TASK STATEMENT — Skip the pictures and restate, word for word, the lines from the one containing "Ce vase en verre" to the end of the data below.

DATA BELOW —

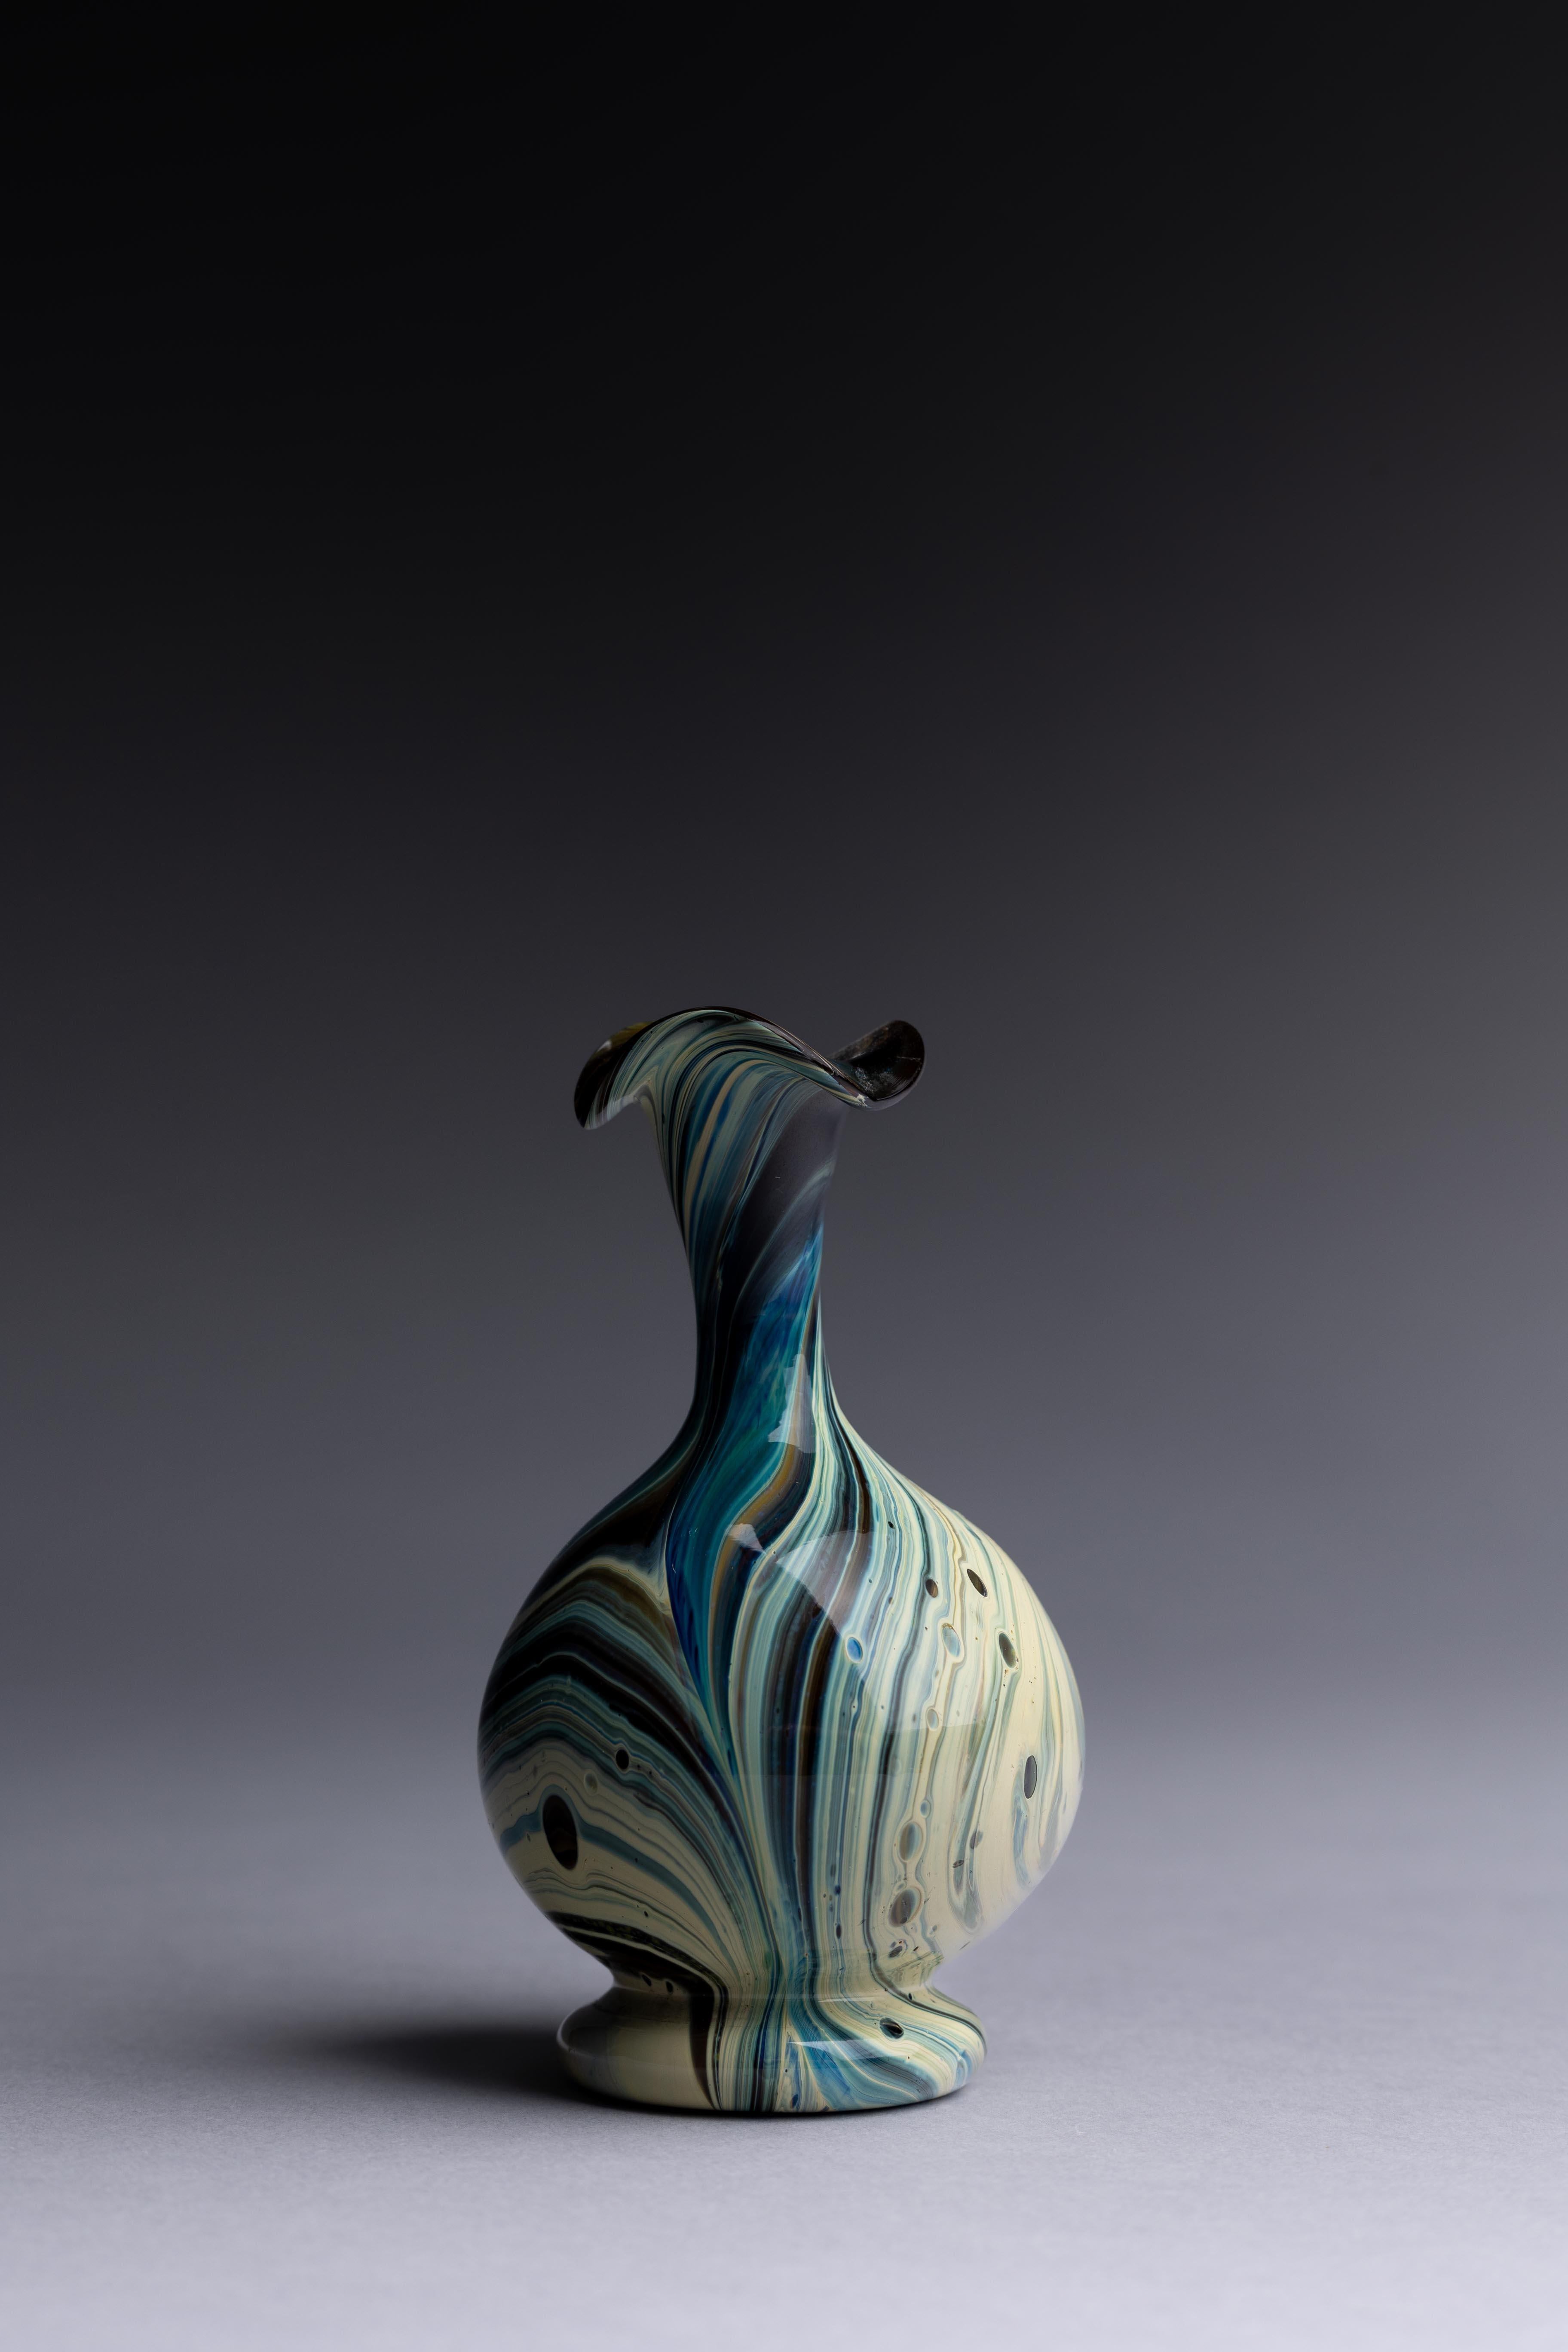 Vase en verre de Murano fabriqué par les maîtres verriers Salviati & Co à la fin du XIXe siècle, avec un magnifique motif marbré de calcédoine.

Ce vase en verre de Murano, fabriqué par Salviati & Co. vers 1880, témoigne d'une maîtrise
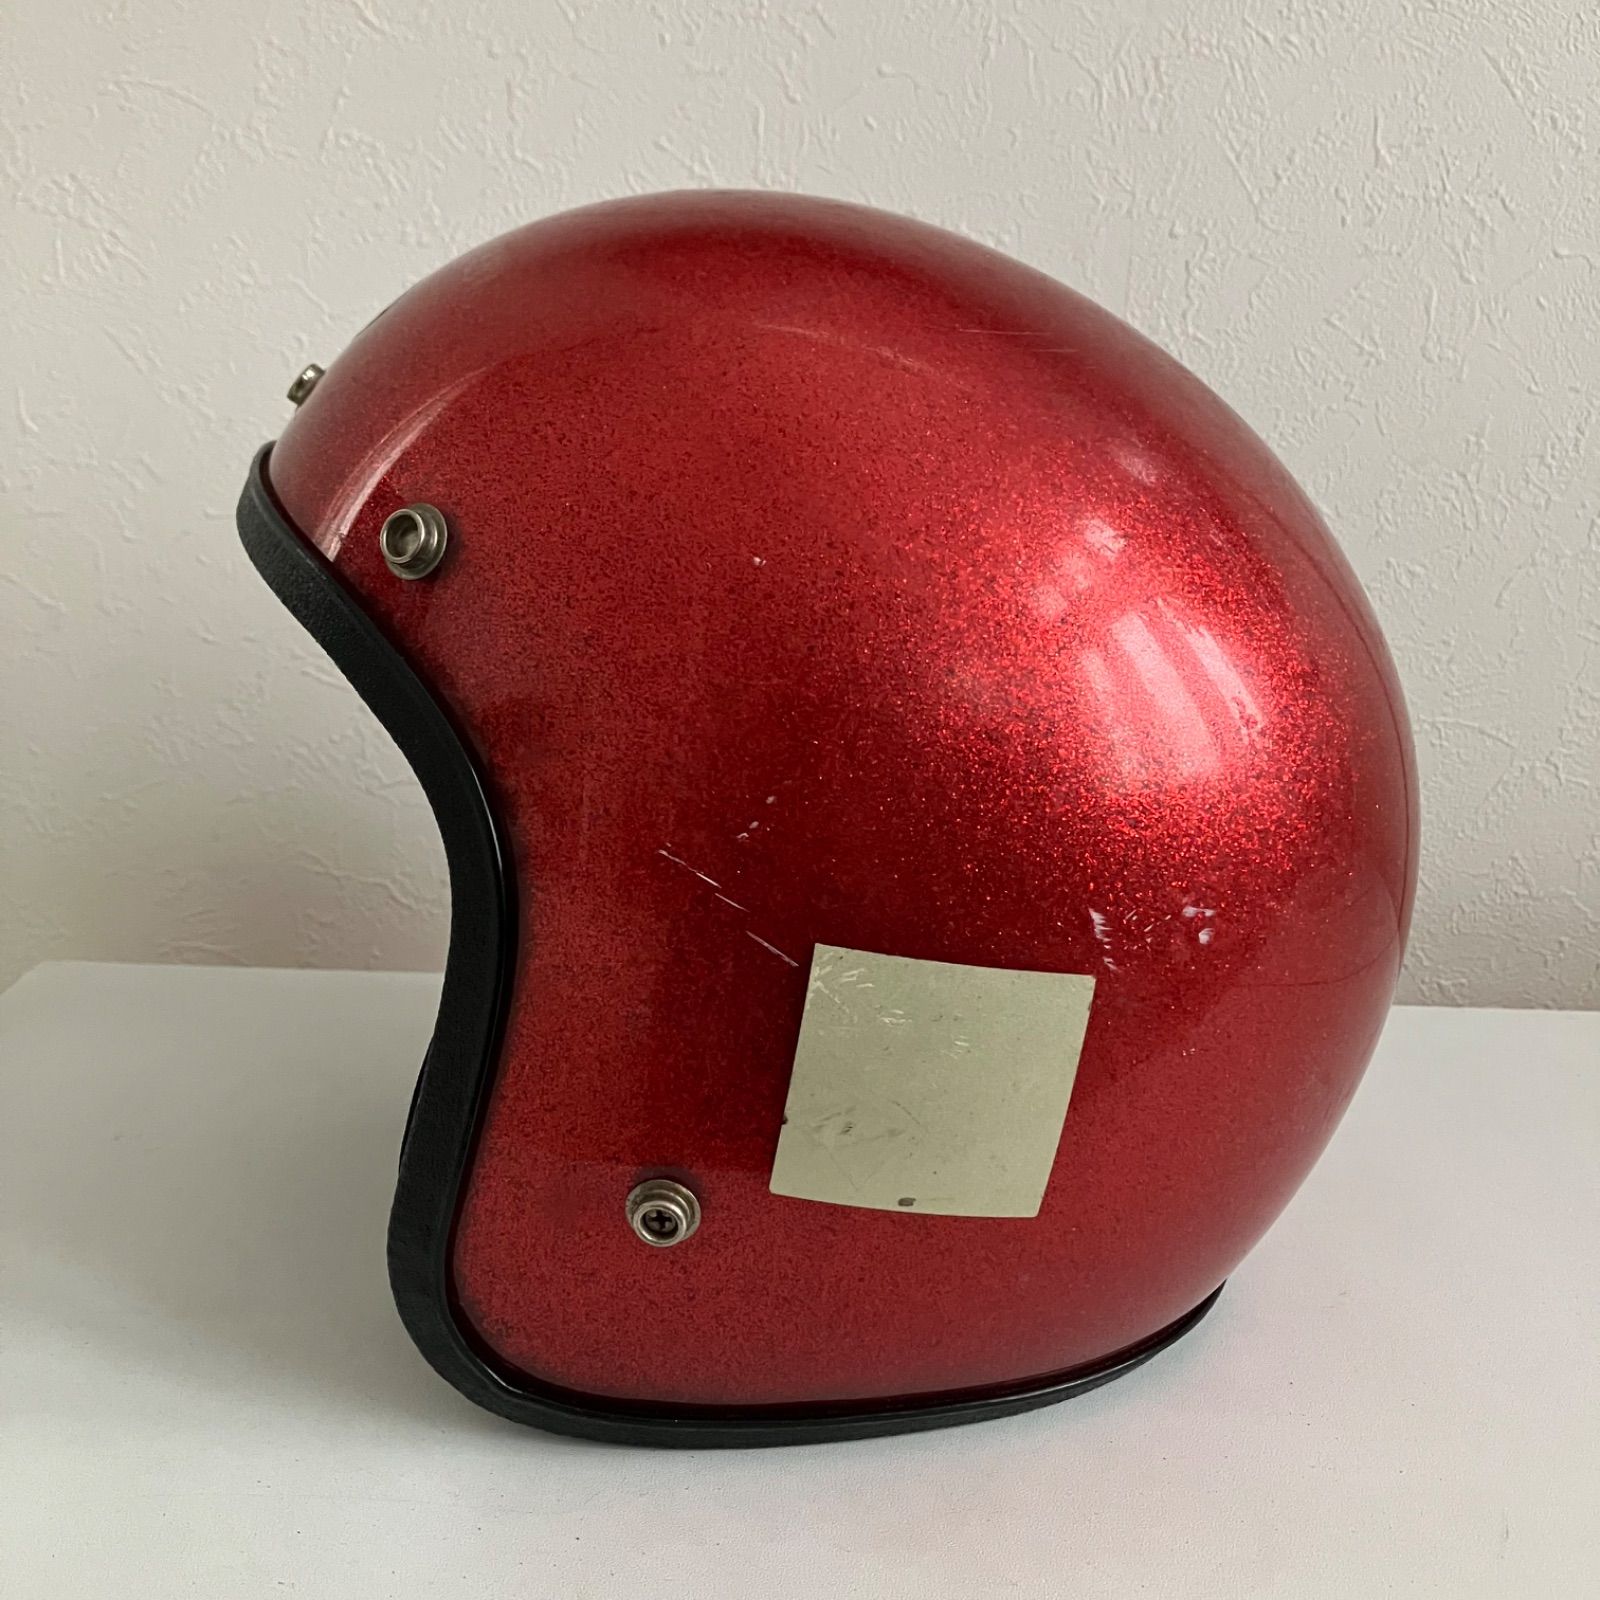 BON AIRE☆ビンテージヘルメット 1970年代 ヘルメット 赤 フレーク 
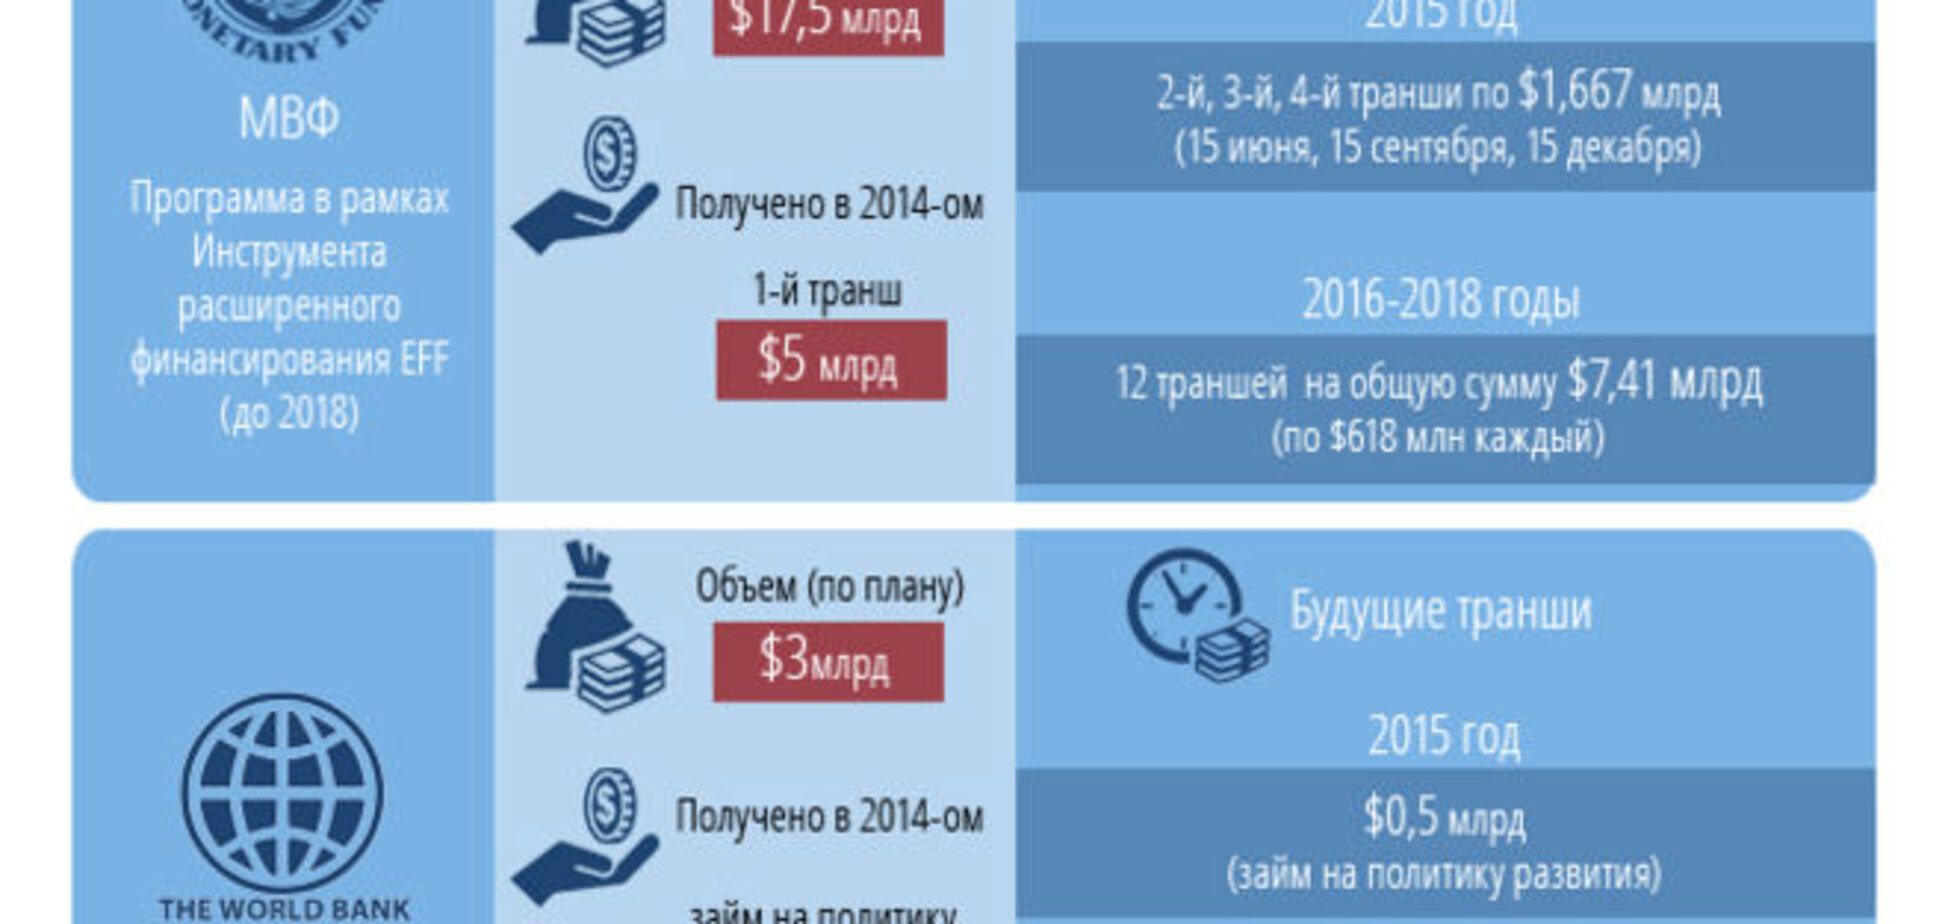 Сколько кредитов получит Украина в 2015 году. Инфографика

RESULT —
Ce vase en verre de Murano, fabriqué par Salviati & Co. vers 1880, témoigne d'une maîtrise
 BON AIRE☆ビンテージヘルメット 1970年代 ヘルメット 赤 フレーク 
 Сколько кредитов получит Украина в 2015 году. Инфографика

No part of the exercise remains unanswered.